Выходило так, что не он ее расспрашивал, а она его. Это и лучше: легче завязать разговор. Вкратце он ответил ей, потом спросил:
– А вы какую имеете специальность?
– Я? – Она ответила не сразу, сухо, коротко: – Я работала в советском аппарате.
– А муж?
– Убит на фронте.
Она не хотела говорить о себе. Ему стало досадно.
– Трудно будет вам с ребенком, – сказал он напрямик. Он шел к ней утешить, обнадежить, сказать, что и с ребенком и без ноги не пропадет она. А она вон какая: сухая, колючая, – о нем все выспросила, а потом взяла и поставила между ним и собою стенку, – дескать, сюда не заглядывай, не твое дело.
Она подтвердила:
– Да, трудно.
– Родственники есть?
– Есть.
– Пособят…
Она резко засмеялась:
– Пособят, если поклониться…
По смеху он понял: не пойдет она кланяться родственникам. Ему представилось, как она идет по улице, выписавшись из госпиталя. Протез ей поставить нельзя. К костылям присуждена до конца дней. Ребенка нести не может, ребенка несет за нею кто-то чужой. Он представил себе все это, но ему не было ее жалко. Ту жалость, которая пригнала его сюда, сняло как рукой. Он испытывал теперь только уважение к этой женщине и к трудной судьбе, ожидавшей ее. Для такой судьбы жалость была слишком мелка.
Он хотел спросить – из какого она города, есть ли у нее еще дети, партийная или нет. Но она сказала глухо, сразу уставшим голосом:
– Я вас попрошу, товарищ замполит, позовите ко мне сестру.
Он понял, что она не хочет никакого разговора. Он ушел. Уходя, слышал, как она сказала блондинке:
– Вот теперь закурю, Варюша, ох, закурю!
Она ему приснилась в эту ночь: большая, седоволосая, неприступная, шла она по улице на костылях, и кто-то нес за нею ребенка. И даже во сне он не узнал ее.
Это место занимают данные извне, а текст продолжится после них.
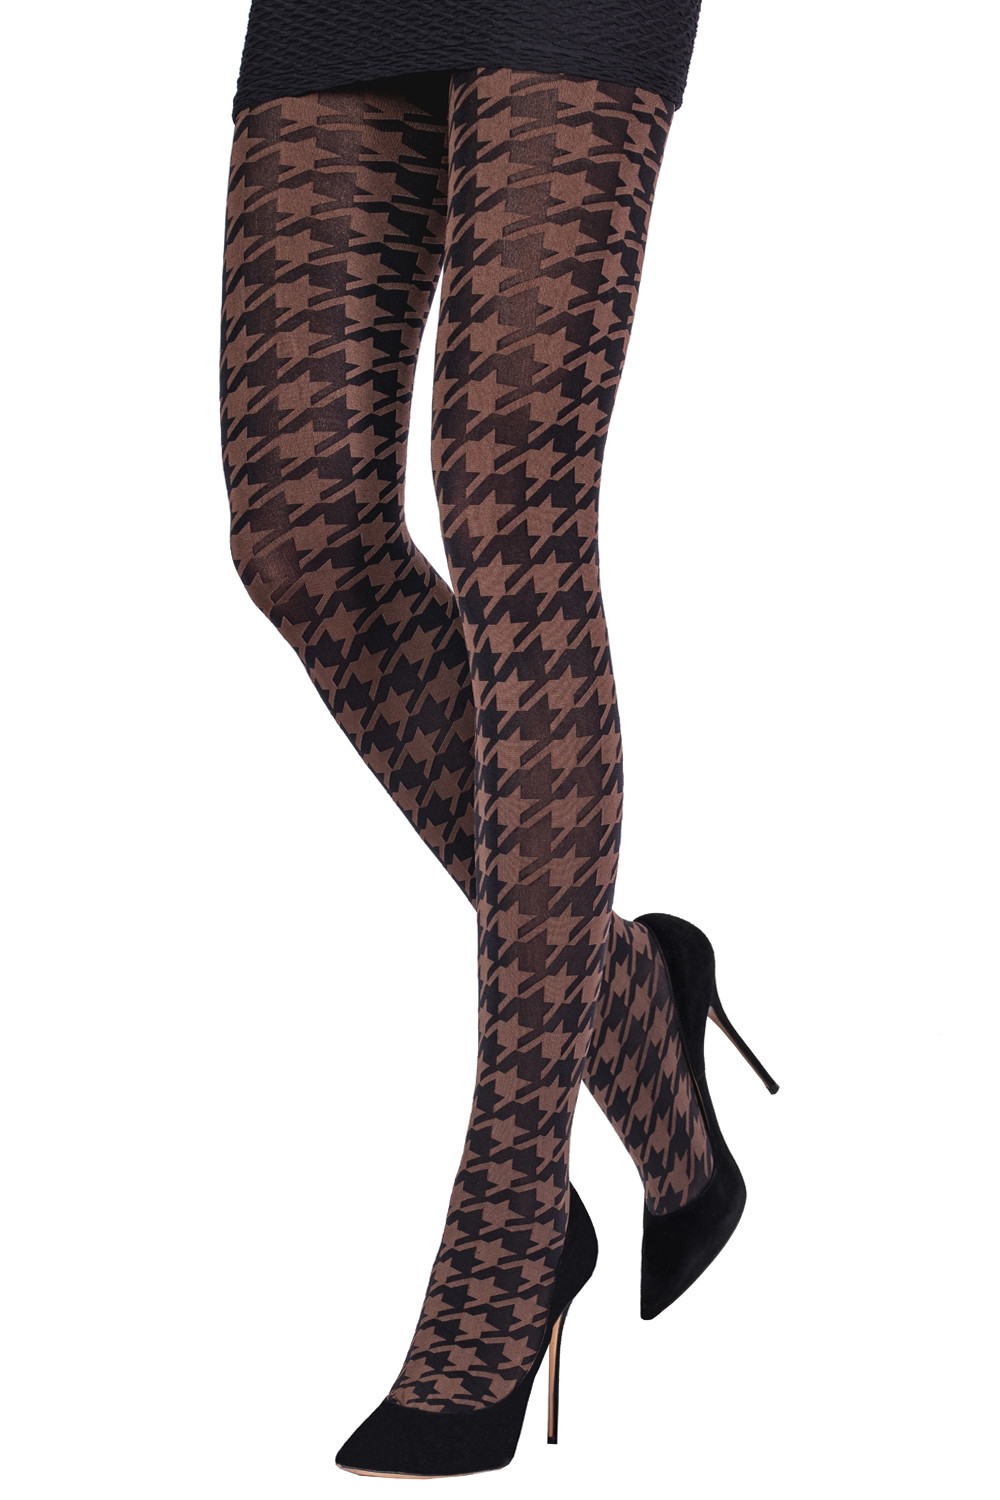 Calzedonia Houndstooth 30 Denier Sheer Tights Woman Stripes Size Xs/S

Он узнал ее только утром, на вокзале в М. Санитарный автомобиль ждал на рампе. Два санитара на носилках вынесли из вагона ее и ребенка. Данилов смотрел из окна штабного вагона. Большой рукой женщина охватила закутанного в одеяло ребенка, и на ее лице, обращенном к ребенку, была забота и боль. И в ярком свете зимнего утра Данилов узнал это лицо, узнал сквозь маску, наложенную временем и страданьем, сквозь все морщины, и тени, и отеки, единственное дорогое лицо с маленьким, звездочкой, белым шрамом на скуле… «Ах, витязь, то была Фаина!» – закричал кто-то ему в ухо голосом Соболя. Носилки исчезли в глубине автомобиля. Автомобиль тронулся, и поезд тронулся тоже. Данилов стоял у окна. Он еще ничего не понял, только узнал. «Ах, витязь, то была Фаина!» – трубил ему в ухо голос Соболя. «Ах, витязь, то была Фаина!» – грохотали колеса, набирая скорость и гнев.
Вот и повстречались.
Повстречались, а он не узнал ее и сидел около нее как чужой. И говорил с нею через стенку, которую она перед собой поставила.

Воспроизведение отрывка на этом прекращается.